Bonnaroo. South by Southwest. Austin City Limits. Lollapalooza. Nearly every major US music festival outside Coachella runs its ticketing through a single vendor: Front Gate Tickets, a Live Nation subsidiary. This week, a security researcher described what he found when he looked closely at that system. In his own words, it was "held together by duct tape and prayers."
The researcher, Ian Carroll, discovered a flaw that gave him super-administrator access to Front Gate's platform. From there, he could have issued free tickets, at any price point, for any event, sold out or not. He could have accessed customer and staff records spanning millions of accounts. No two-factor authentication stood between a compromised password and full control of the system. Carroll didn't exploit what he found. He reported it, and Front Gate patched the vulnerability within 24 hours, with no evidence it had been used before he found it.
That's the part of the story that gets less attention than it should.
Festivals invest heavily in the parts of the experience fans can see. The lineup, the stage design, the sponsor activations, the moment that ends up on someone's Instagram story. Far less visible, and apparently far less protected, is the infrastructure that gets a fan through the gate in the first place. Ticketing sits upstream of every other part of the fan experience, and it's often treated as a procurement decision rather than a brand one.

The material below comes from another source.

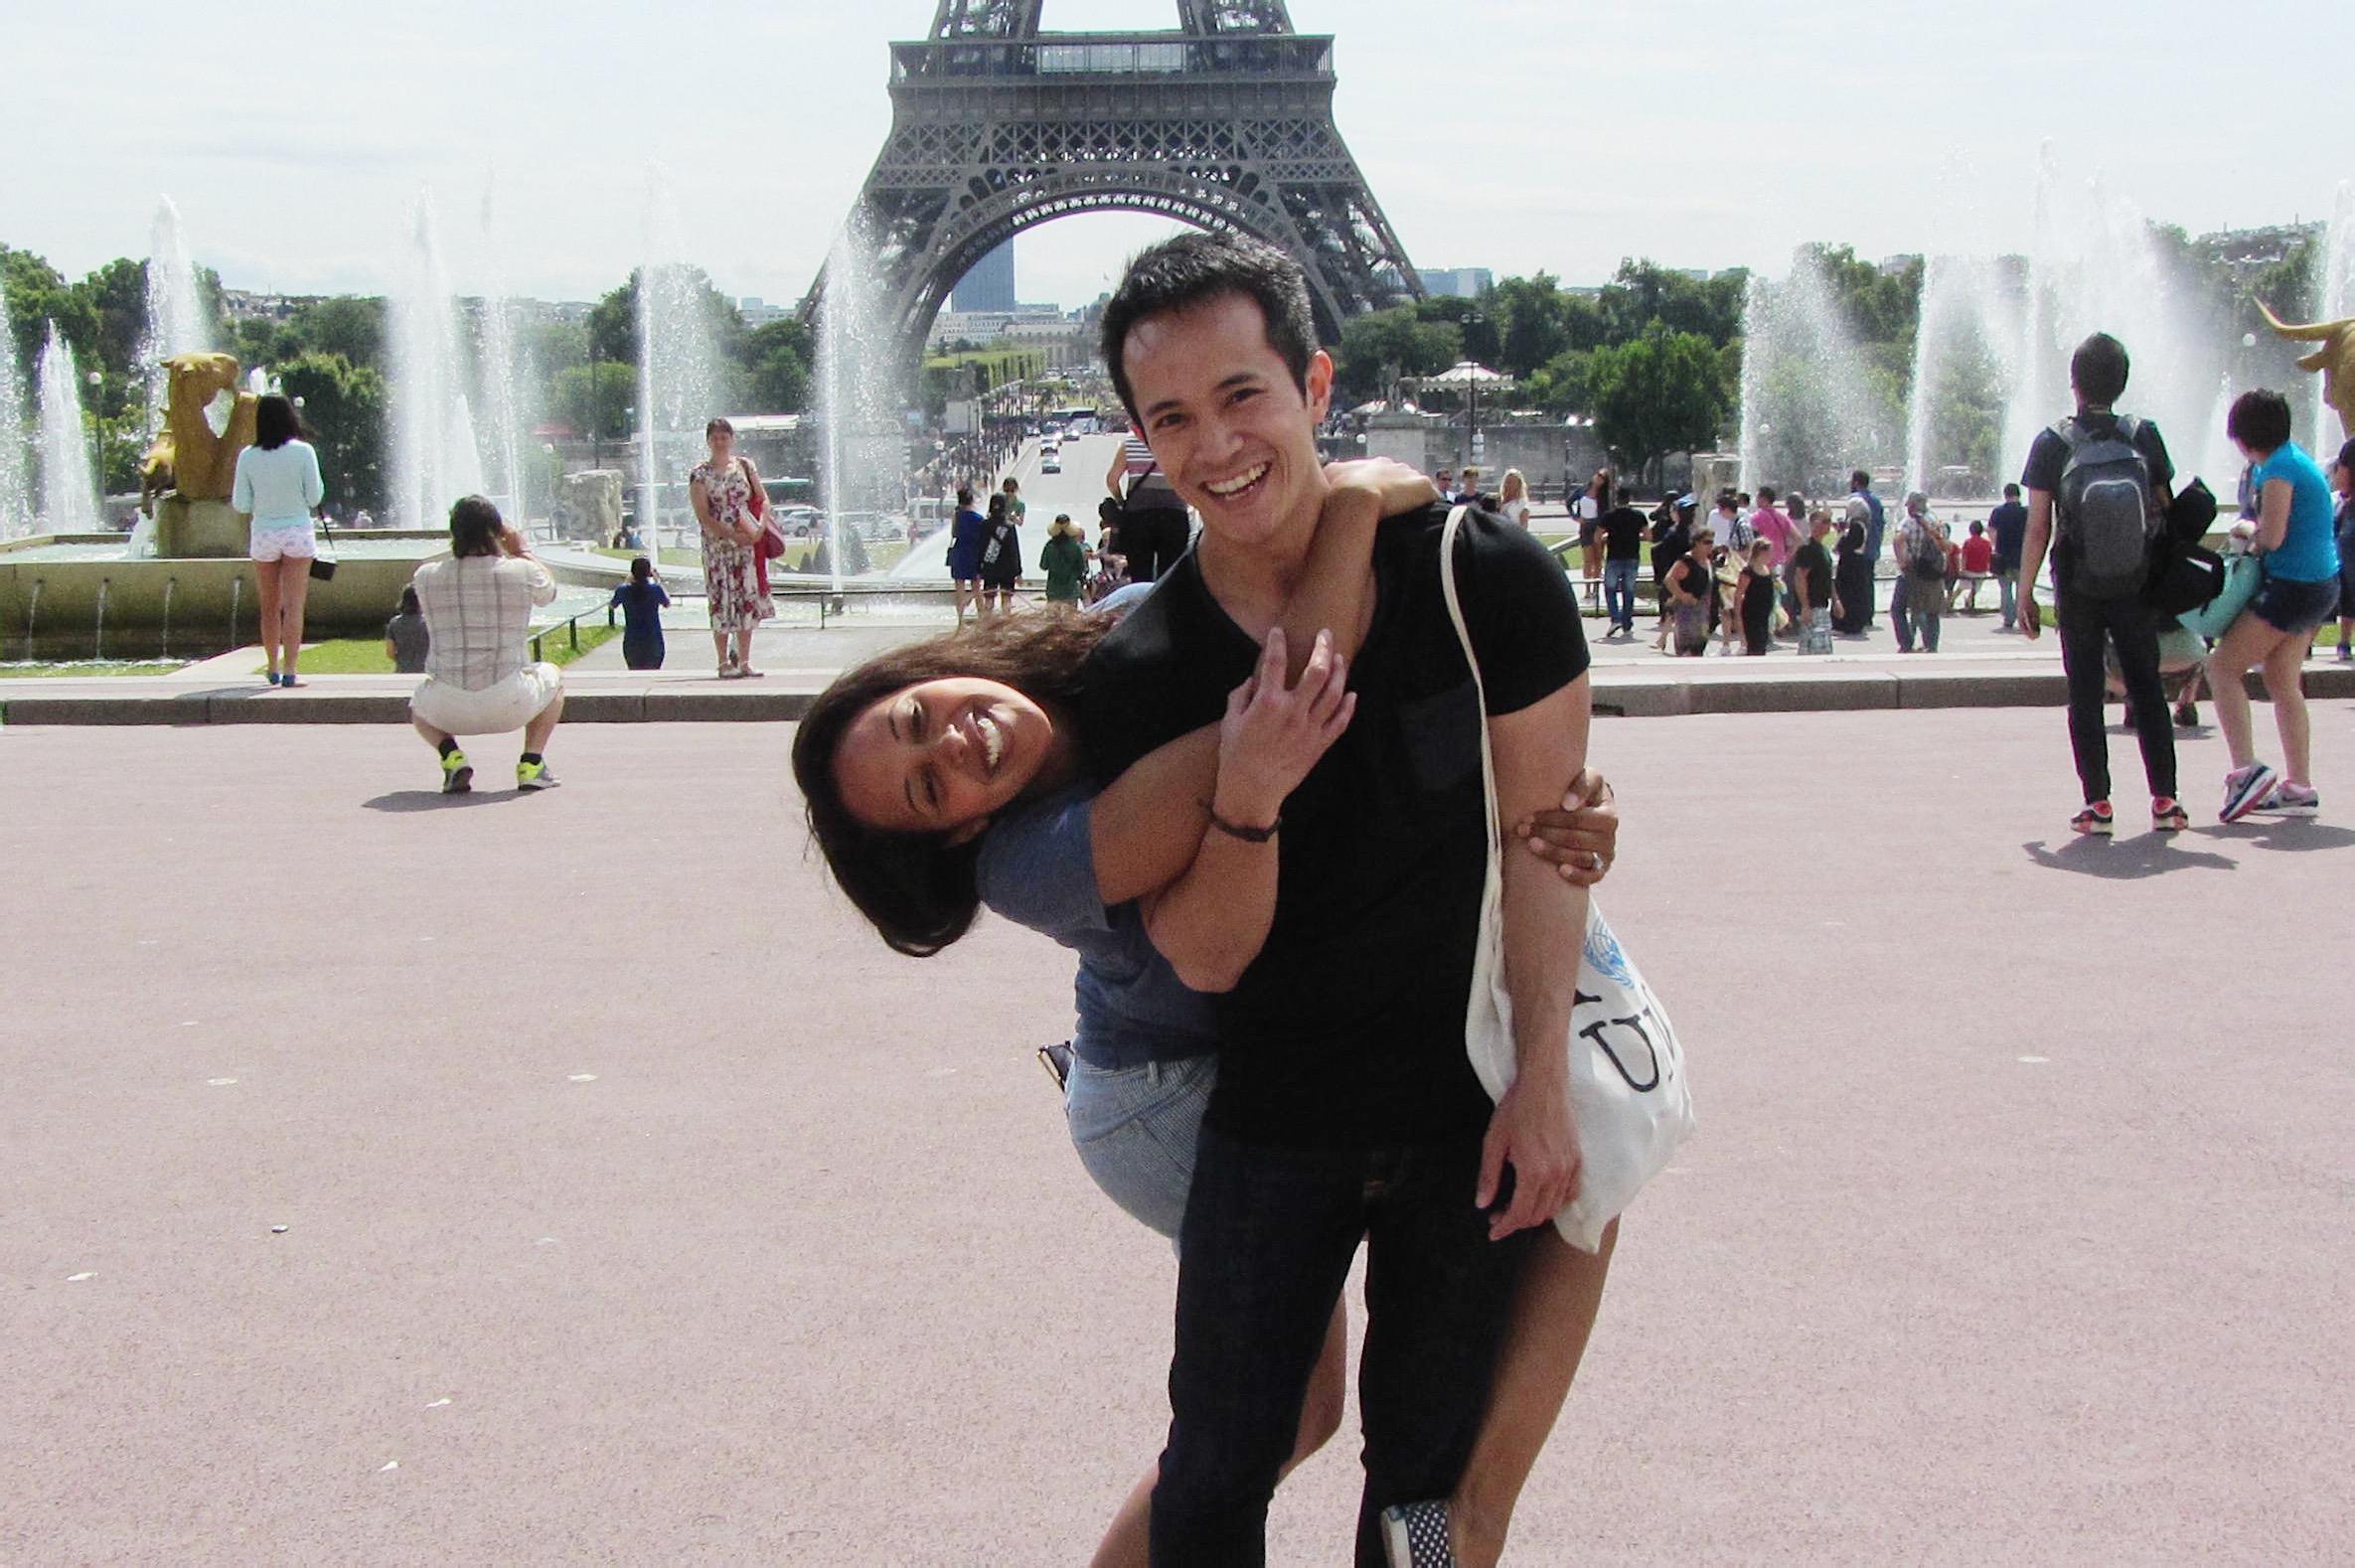 friends-by-the-Eiffel-Tower-Paris

That distinction matters more than it used to. When one vendor underpins ticketing for an entire category of live events, a flaw in that vendor's system isn't really a Front Gate story. It's a story about every festival that outsourced this piece of its trust relationship with fans, without necessarily knowing how thin that layer of protection actually was.
Fans don't experience "the festival" and "the ticketing vendor" as separate things. They experience one relationship, and they hold the festival brand accountable for all of it, the parts on stage and the parts in the backend alike. A festival can get everything else right and still lose ground if the system issuing its tickets turns out to be the weakest point in the chain.
This is worth sitting with for anyone building or protecting a brand in live entertainment. The industry has gotten sophisticated about experiential marketing, about turning a festival weekend into a multi-day brand moment worth the spend. It has been slower to treat the systems underneath that moment with the same level of scrutiny. A five-figure activation budget means little if the platform issuing entry to it can be taken over with a leaked password and no second layer of verification.
Front Gate's response to the researcher was, by most accounts, the right one: quick acknowledgment, a fast patch, transparency about what happened. That's the outcome you want when a flaw is found. The harder question is why a vendor handling ticketing at this scale, for events charging thousands of dollars for VIP access, hadn't already closed a gap this basic.
The next real differentiator in the festival business might not be who books the best lineup. It might be who actually audited the infrastructure holding the whole thing together, before something worse than a responsible disclosure forced the issue.